Make no mistake: This is a dark moment. A second Donald Trump term is a very real possibility next year, and if you do not think he will use these new powers to prosecute people he doesn’t like (or even drone them!), you do not know him.1
I just want to lay out a scenario for a TV show I’ve got kicking around in my head:
In Season 1, there is a presidential race between a sketchy TV show host and the former Secretary of State, Chillary Flinton. The TV show host - Mr. Tiny Brain - pulls from behind to win the election.
In the middle of the season, it’s revealed that a hostile foreign government wanted to stop Secretary Flinton from winning, and illegally helped Mr. Tiny Brain by interfering in the election.
To the surprise of many people, Mr. Tiny Brain’s campaign knew about the foreign interference, and readily accepted their help. An investigation is done, but Mr. Tiny Brain uses the power of the presidency to obstruct the investigation and protect himself from consequence. Although his assistants that knew about the foreign influence were indicted, he later pardons them as a reward for their silence.
In Season 2, he runs for his second term and tries to bribe a different foreign country into interfering again, but gets caught. He’s impeached, but his Party supports him.
He is ultimately able to remake the nation’s highest court and appoints three judges.
Despite this, he loses reelection, but attempts to do a self-coup to stay in office. He challenges election results, and when that doesn’t work, he stirs up a mob that was threatening to kill his second-in-command. They storm Congress, but ultimately Mr. Tiny Brain is pushed out of office.

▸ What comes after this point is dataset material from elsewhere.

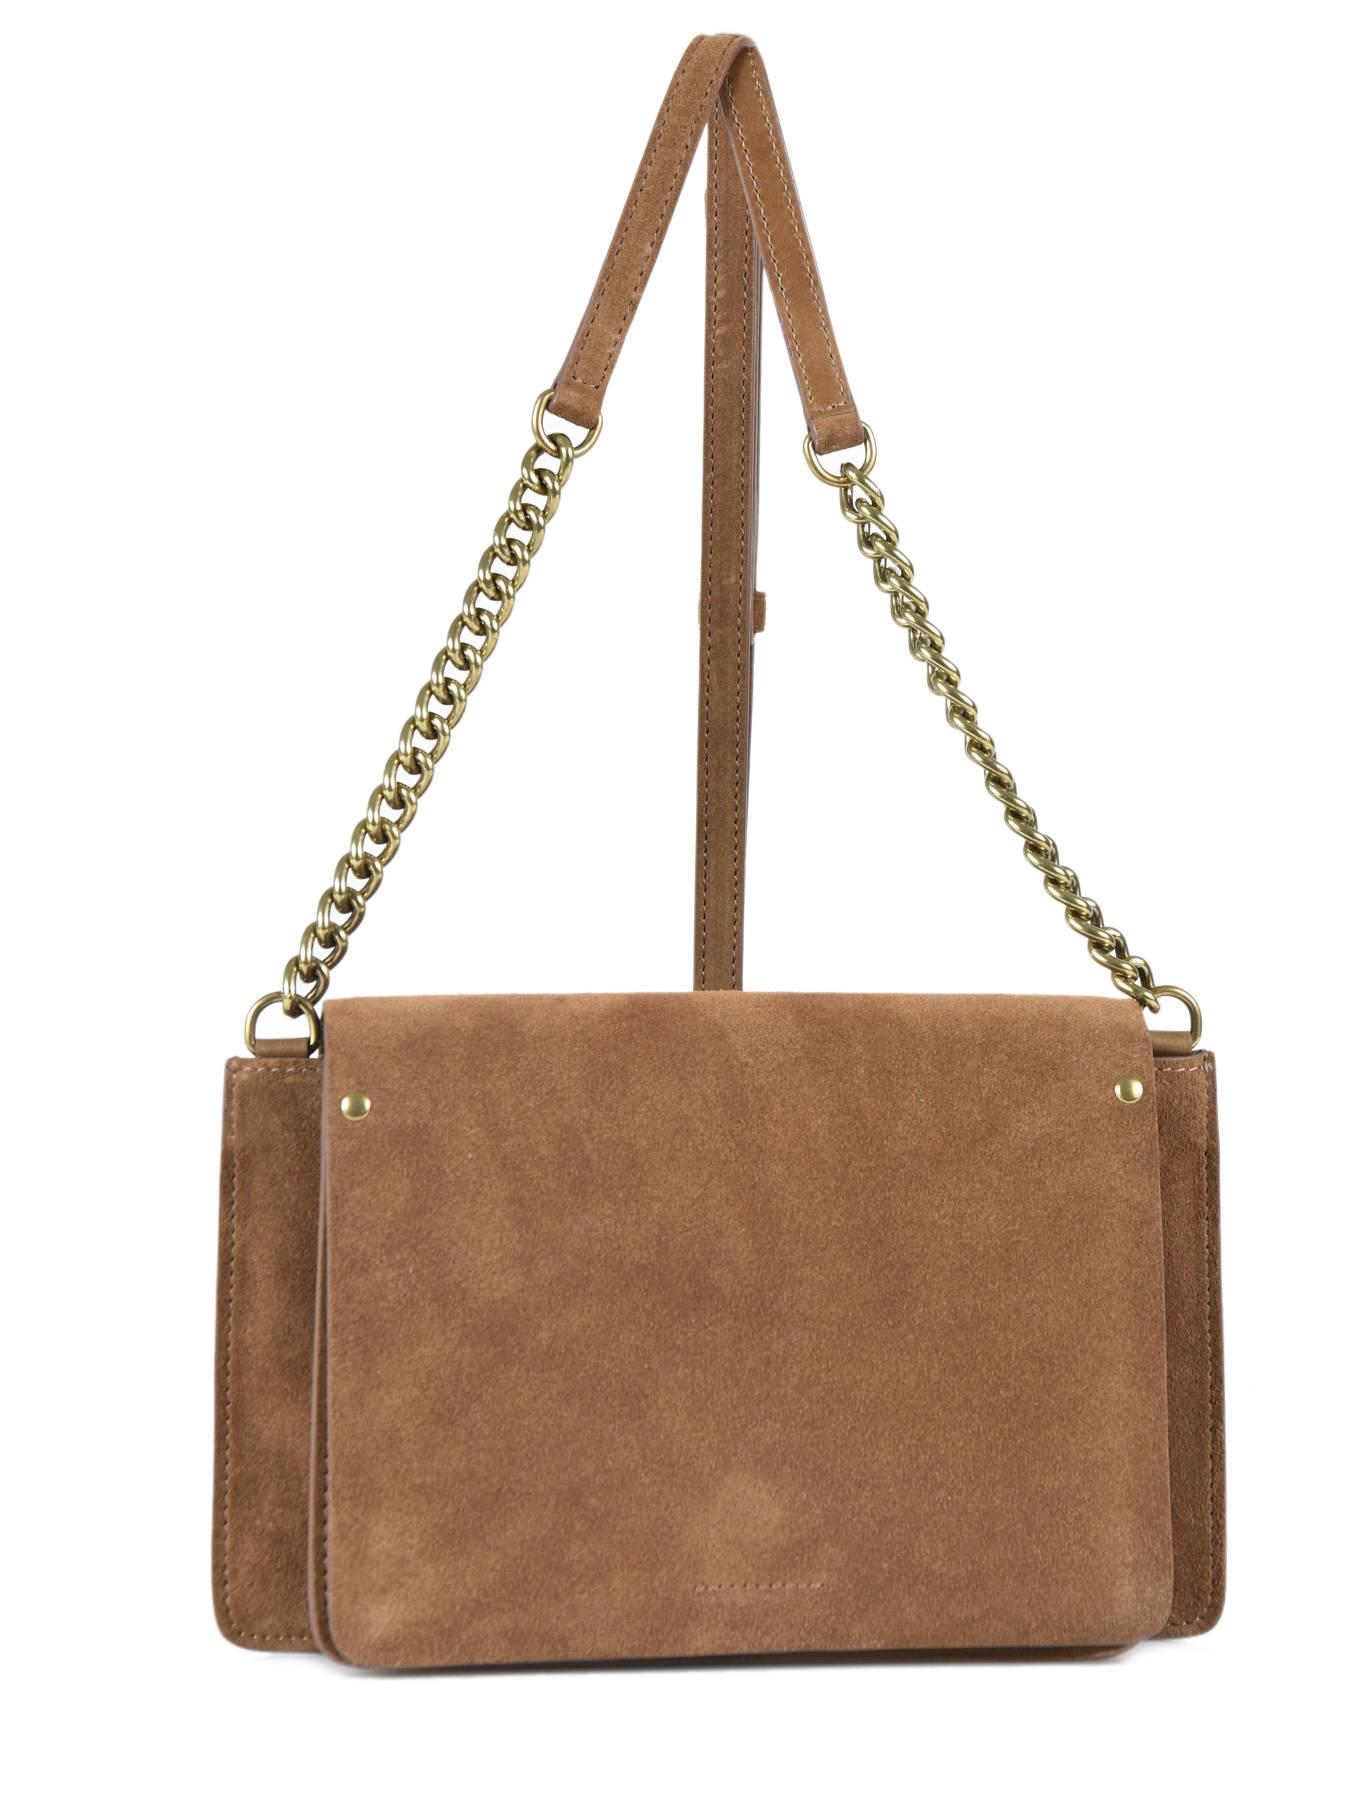 Crossbody Bag Folk Leather Gerard Darel Black Dhs20407
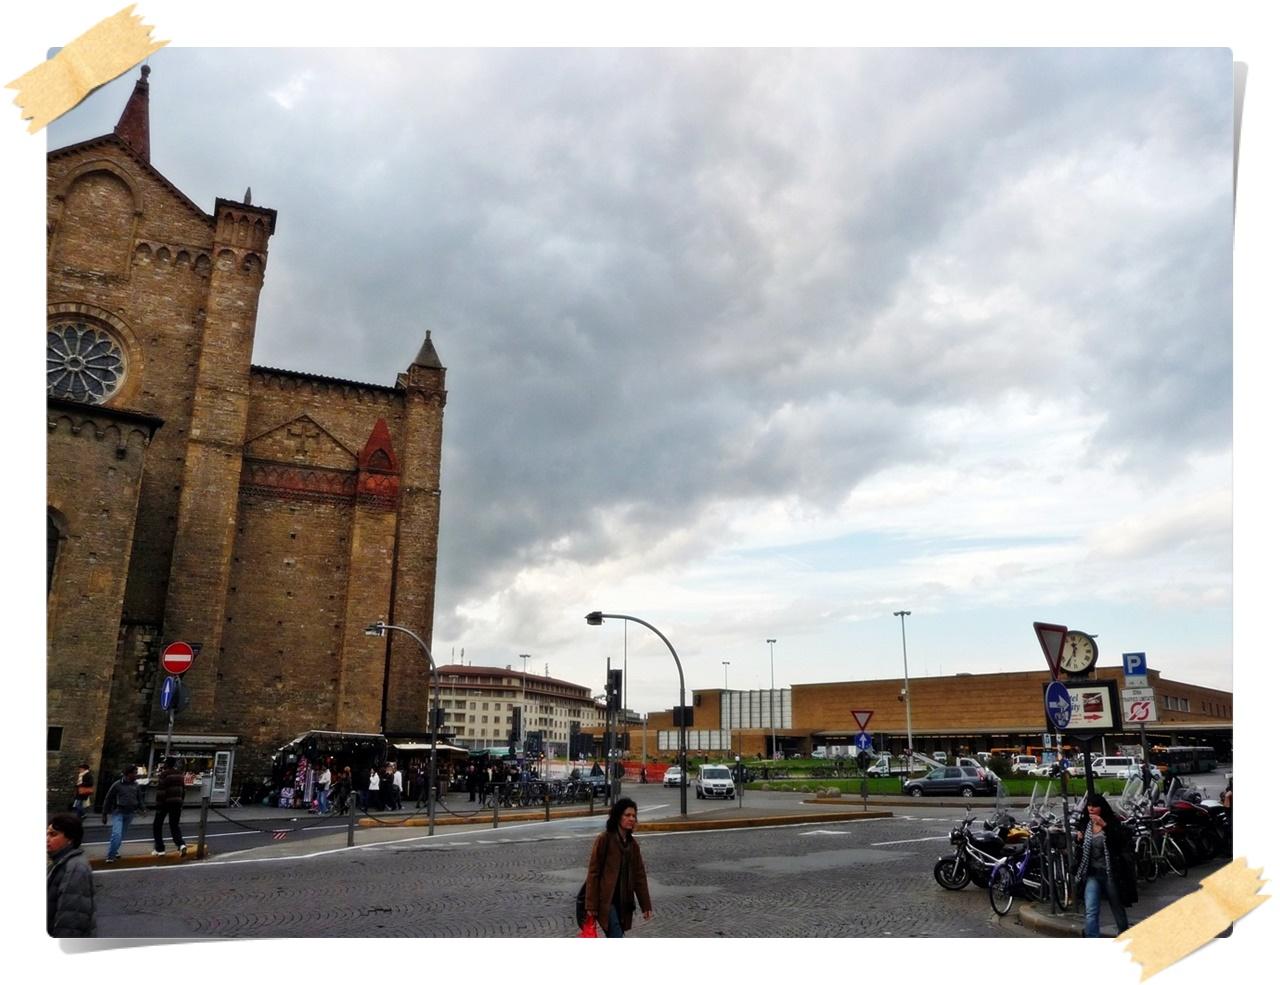 照片回顾 2009/11 意大利 day 7:佛罗伦萨/菲冷翠 下午去威尼斯

Faced with legal challenges for his conduct, he decides to run again to enjoy the privileges that got him out of his illegal coordination with an enemy.
He ultimately brings those legal challenges and puts them in front of the judges he appointed.
They not only delay the prosecutions he’s facing, but carve out special privileges for him.
He continues to run for office, promising to punish who turned against him.
This is sort of where I’m stuck. What do you think I should make happen in Season 3? I am thinking we really subvert the audience’s expectations and make him into a good guy.
Or, we could go with the historical model and make him Adolf Hitler. Can’t decide!
In all seriousness, if you were drawing up how America would end, what is happening now would be in your drafts folder. The stakes for November just got infinitely higher.
Should-reads:
I meant to link to this piece on Chevron last week and gave you guys the wrong one. My bad, and thanks to a helpful reader for pointing it out.
Adam Serwer is excellent here on immunity.
Jay Caspian Kang begins a climb up a mountain and makes the case for Joe Biden staying in the race.
This is a good podcast to listen to on immunity (recorded before the decision came down).
Folks, I am gone until July 12th. Do your best to enjoy the Fourth of July, but if it is a little somber, I wouldn’t blame you.
I am sure some people will say, “Well, he didn’t do that in his first term!” But he tried. He just happened to surround himself with a bunch of semi-normal Republicans, but he won’t make that mistake twice.